Все возвращения к собственному тексту, напоминали мне о том, что он не похож на нормальную биографию писателя. Он скорее выглядит как одна из тех мрачных сказок, которые так любит создавать сам Лучевой.

По итогу мы созвонились с ним еще раз и решили сделать из моего диплома еще одну сказку. Мы избавились от всего лишнего: от детства, отрочества, юности, университетских лет и всей остальной жизни, оставив лишь одну небольшую историю, которая развернулась за три слишком коротких и жарких дня в июне 2017 года. Мрачная сказка, полная странных, страшных и непонятных символов, мыслей, действий, пустот, переворотов, поворотов и легкого безумия авторов.

Глава 1. В Тридевятом царстве в Тридевятом государстве

В некотором царстве,

в некотором государстве,

На ровном месте, как на бороне,

Верст за триста в стороне,

В месте именно в том,

В котором мы живем.

Жил был…

(Набор присказок к русским народным сказкам)

Эта история берет свое начало в небольшом городке N около десяти лет назад. Избалованный русской классикой читатель, сейчас наверняка раздраженно фыркнет и хлопнет рукой по столу из крепкого дуба, отхлебнет крепкого чая и громко хрустнет баранкой: «Вы что, возомнили себя Гоголем? Чеховым? А может быть Достоевским?». Я начну открещиваться и миролюбиво воздевать в защитном жесте руки, ведь, городок-то, действительно, начинался на букву «Н».

Никогдонск, чем-то отдаленно напоминающий резво закрученное на конце щупальце осьминога, раскинулся вдоль самого мелкого и невзрачного притока Волги-матушки. Если смотреть с очень большого отдаления, немного наклонив голову вбок и прищурив глаза, то можно сказать, что он был даже чем-то похож на Волгоград. Вереница домов ладненько выстроилась в ряд, прилипнув к реке, как жвачка прилипает к подошве – заполняя любые пробелы и пустоты, которые оставляет мелеющий приток.
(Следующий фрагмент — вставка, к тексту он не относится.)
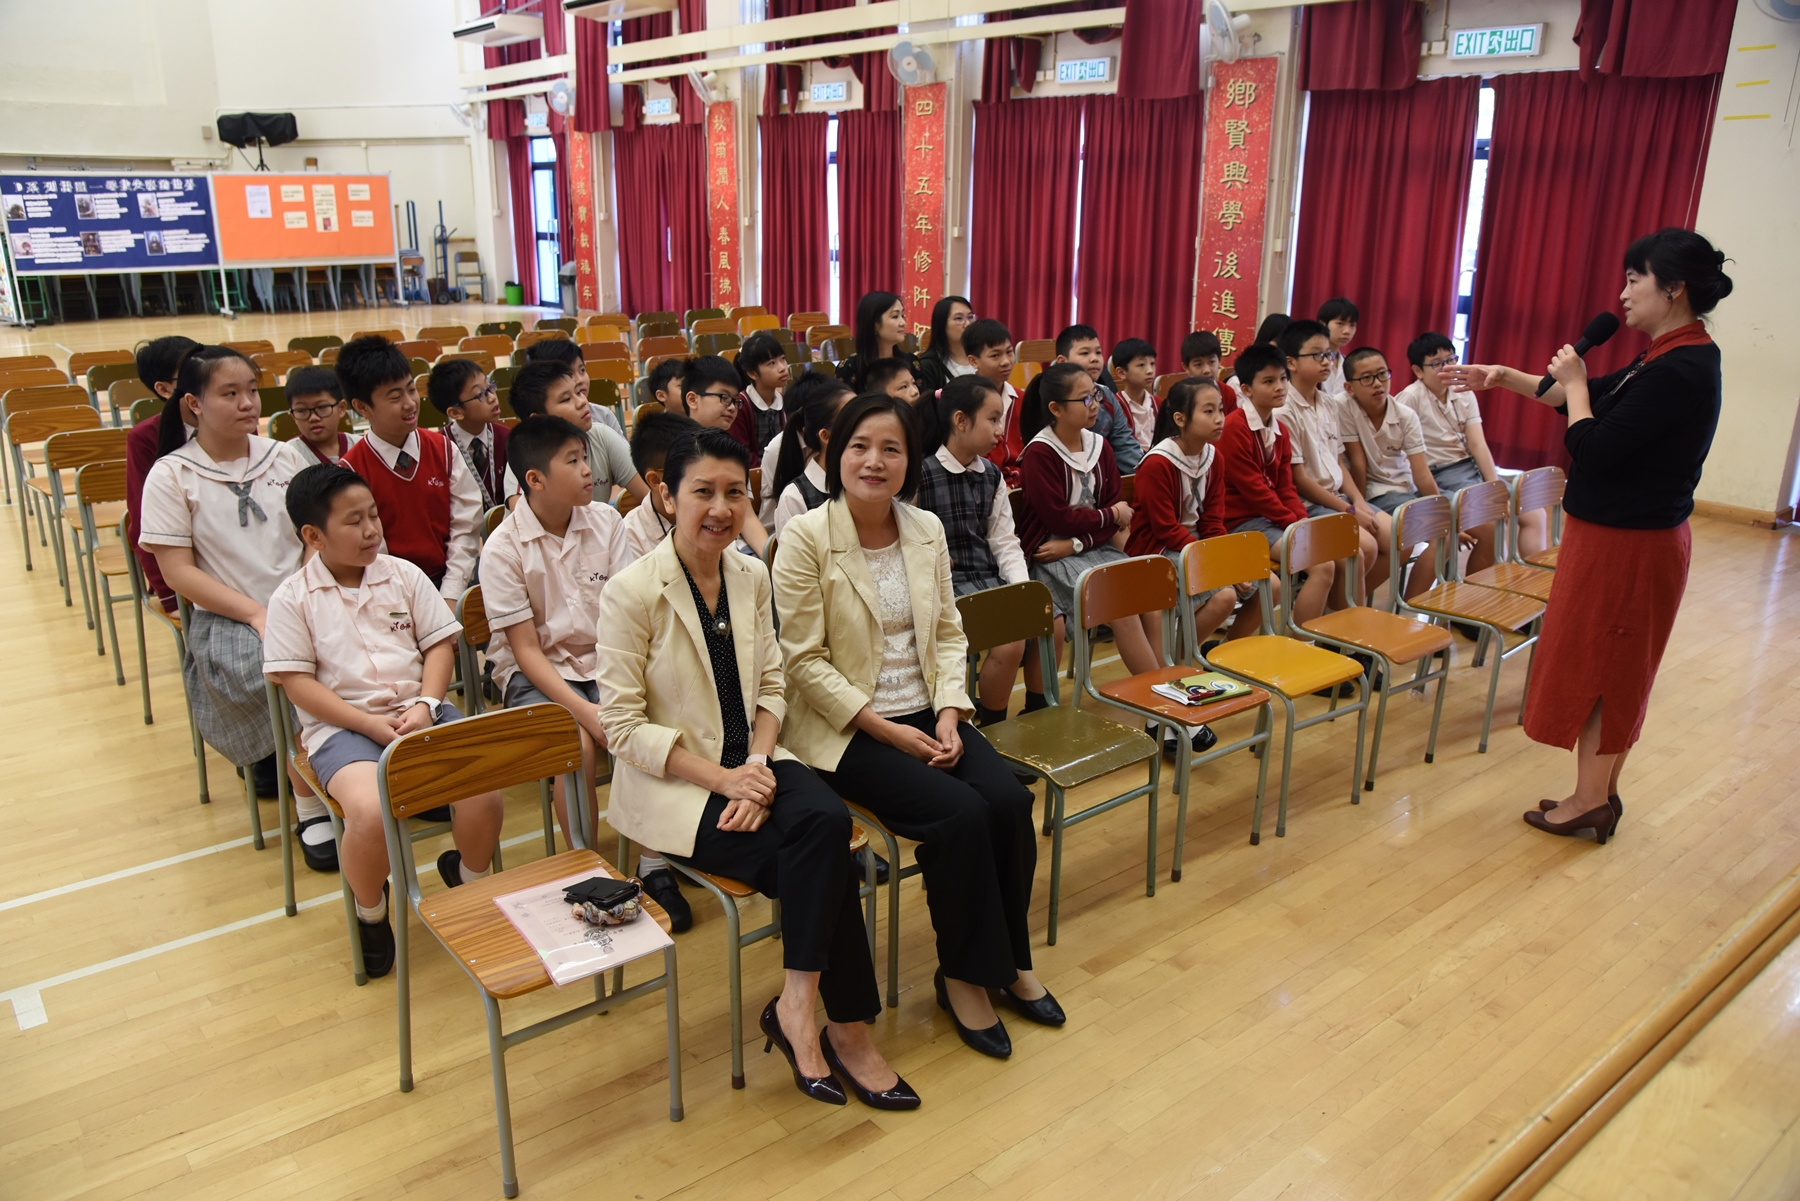 http://npc.edu.hk/sites/default/files/dsc_6973.jpg

Названием своим этот городок обязан древней присказке о том, что один из московских князей как-то проезжал мимо и решил остановиться у местного старосты. Князь был либо не очень образованный, либо откровенно плевать хотел на все, кроме Москвы, поэтому решил, что поселение стоит на одном из притоков Дона и с барского плеча назвал его Мелкодонск. Немалую роль в этом решении сыграл и тот факт, что речушка и впрямь была ужасно мелкой и тихой, да так, что взрослый мужчина при большом желании переходил ее вброд. Подобное описание совсем не соответствовало буйному и полноводному характеру Волги, но почему-то именно здесь она становилась покладисто-шепчущей и, как самая настоящая русалка, манила к своим топким берегам.

Местного старосту, Кривжу, подобное отношение к его детищу совершенно не впечатлило и тот в довольно грубой форме донес князю информацию, состоящую целиком из русско-монгольского мата, что здесь никогда не было Дона и не будет. То, что московит после этого стал заикаться старосту не смутило и он лично готов был участвовать в поединке один на один, дабы защитить честь своей деревеньки. Благо, что князь оказался не конфликтным, даром что военный человек, поэтому просто пожал плечами и сказал:

- Никогда так никогда, значит будет Никогдонск.

Не то, чтобы это название пришлось старосте по вкусу, но оно явно было лучше, чем прежнее и община, покивав разошлась. Все прекрасно знали, что как бы Кривжа не ратовал за их благополучие, он все еще оставался старым брюзгой, да еще и скрытым язычником. Никогдонск звучало странно, но местные быстро привыкли и стали ласково звать свою деревушку Нико.

Сам приток Волги, который и стал градообразующим фактором, не менее нежно именовался рекой Хреновиной. Каждый раз, когда это весьма эксцентричное название всплывало в областных новостях, появлялась целая группа весельчаков, желающих сделать заветное селфи на фоне Хреновины. Вся проблема заключалась в том, что имя для реки не было плодом чьего-то плоского юмора или какой-либо филологической ошибки – это был результат кропотливых археологических раскопок.

Местные жители, очень гордились археологическим наследием своего города. Не от того, что Никогдонск был таким уж прям древним, а от того, что это самое наследие вообще было. Местные об этом узнали практически случайно. Какой-то мужик пошел, как обычно, с утра на рыбалку и обнаружил, что рекой размыло часть кого-то захоронения. Было это в конце XIX века. Периода уже достаточно позднего, чтобы на такую сенсацию тут же слетелась стайка пышущих пламенем познания и исследования юнцов во главе с пухлым усатым профессором. Несмотря на свою тучность, профессор страдал от чахотки и самостоятельно в раскопках участвовать не мог, что, впрочем, не мешало ему раздавать указания с такой горячностью, что к концу рабочего дня он выглядел ничуть не лучше своих студентов.

Достаточно быстро пылкие юнцы перекопали добрую половину побережья. Смещенные с насиженных мест рыбаки были, конечно, недовольны, но это мало кого волновало. Единственной проблемой было то, что ничего похожего на еще одно древнее захоронение они не находили, а время шло, деньги заканчивались, одежда маралась, а впереди уже замаячили голодные дни. И неизвестно, чем бы закончилась эта история, если бы из Британии не вернулся граф Клокворк.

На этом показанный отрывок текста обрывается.